__Problem description__. Strip the pictures, then copy the remaining data exactly as it stands.

__Data excerpt__.
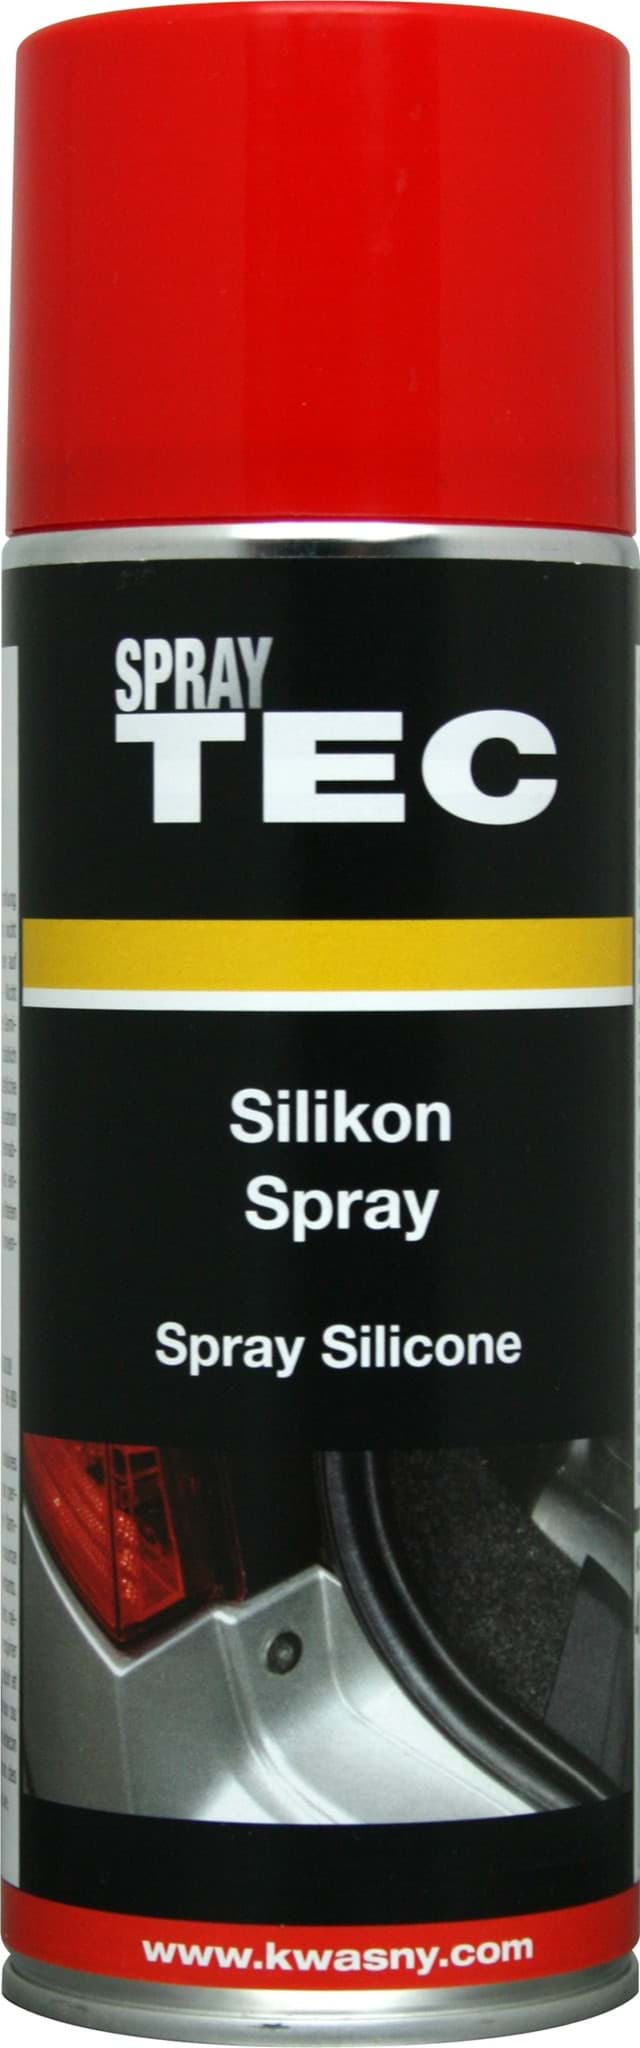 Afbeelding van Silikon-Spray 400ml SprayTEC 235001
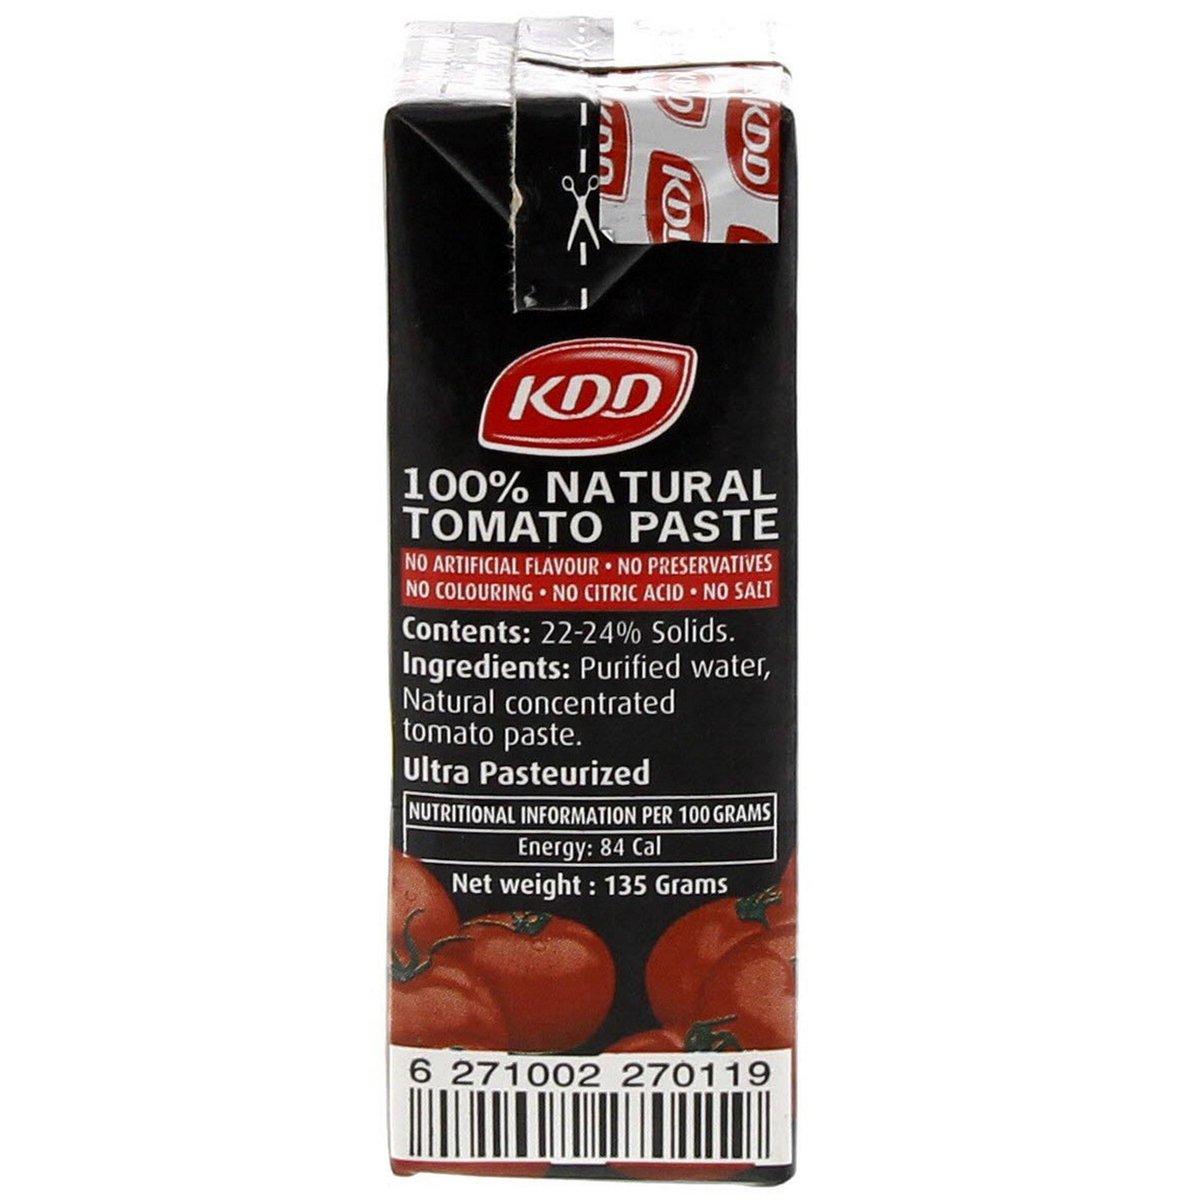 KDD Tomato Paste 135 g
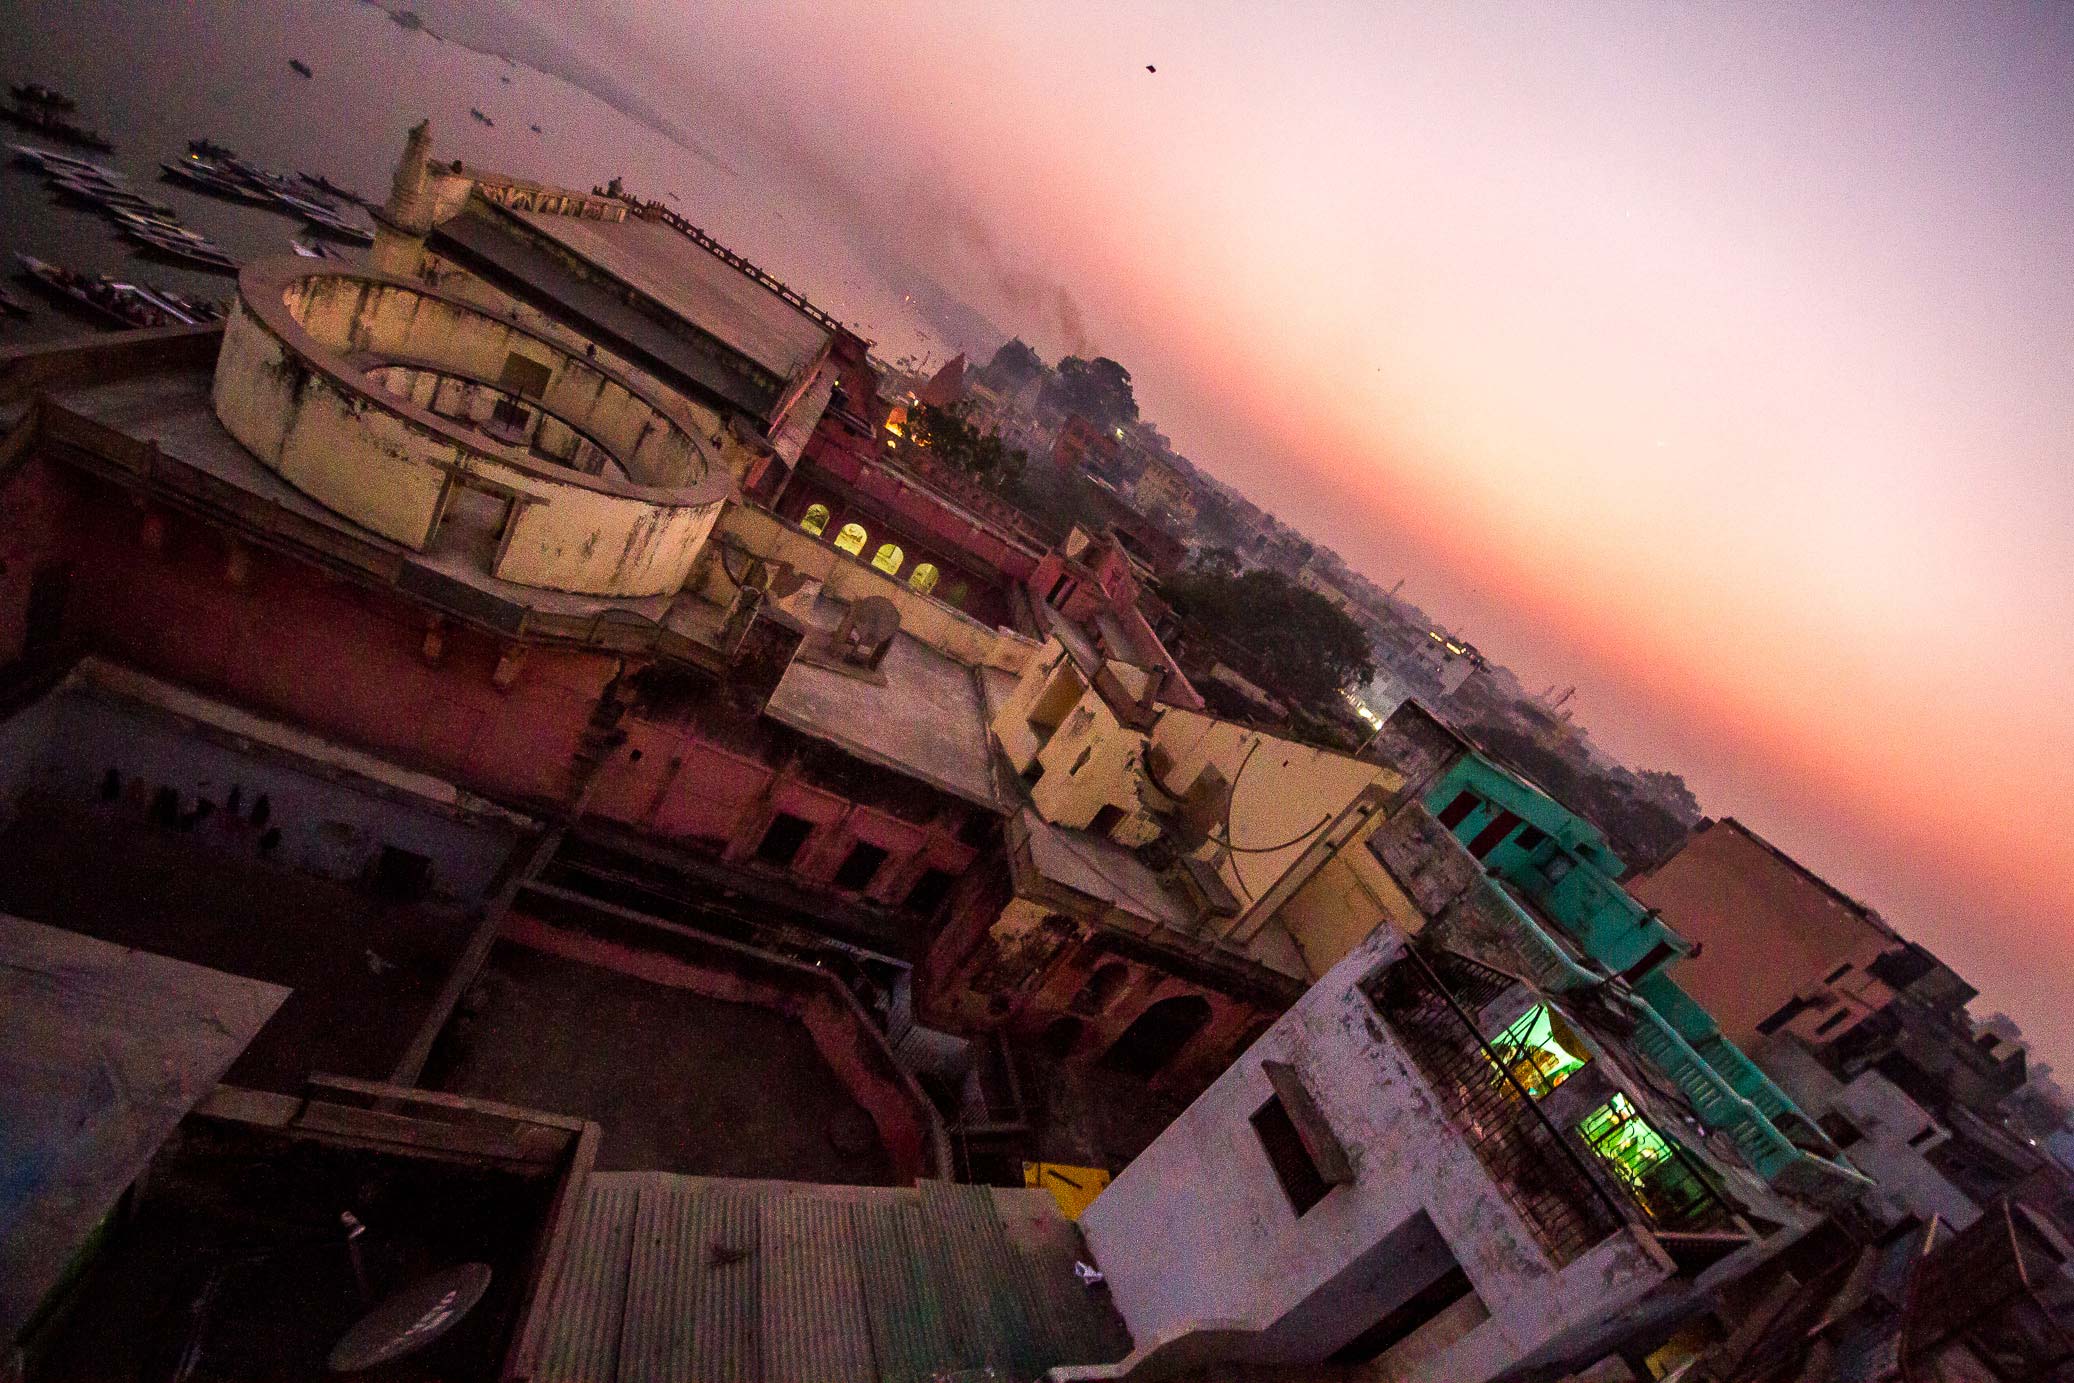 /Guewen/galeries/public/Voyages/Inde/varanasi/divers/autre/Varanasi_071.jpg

__Response__.
 Afbeelding van Silikon-Spray 400ml SprayTEC 235001
 KDD Tomato Paste 135 g
 /Guewen/galeries/public/Voyages/Inde/varanasi/divers/autre/Varanasi_071.jpg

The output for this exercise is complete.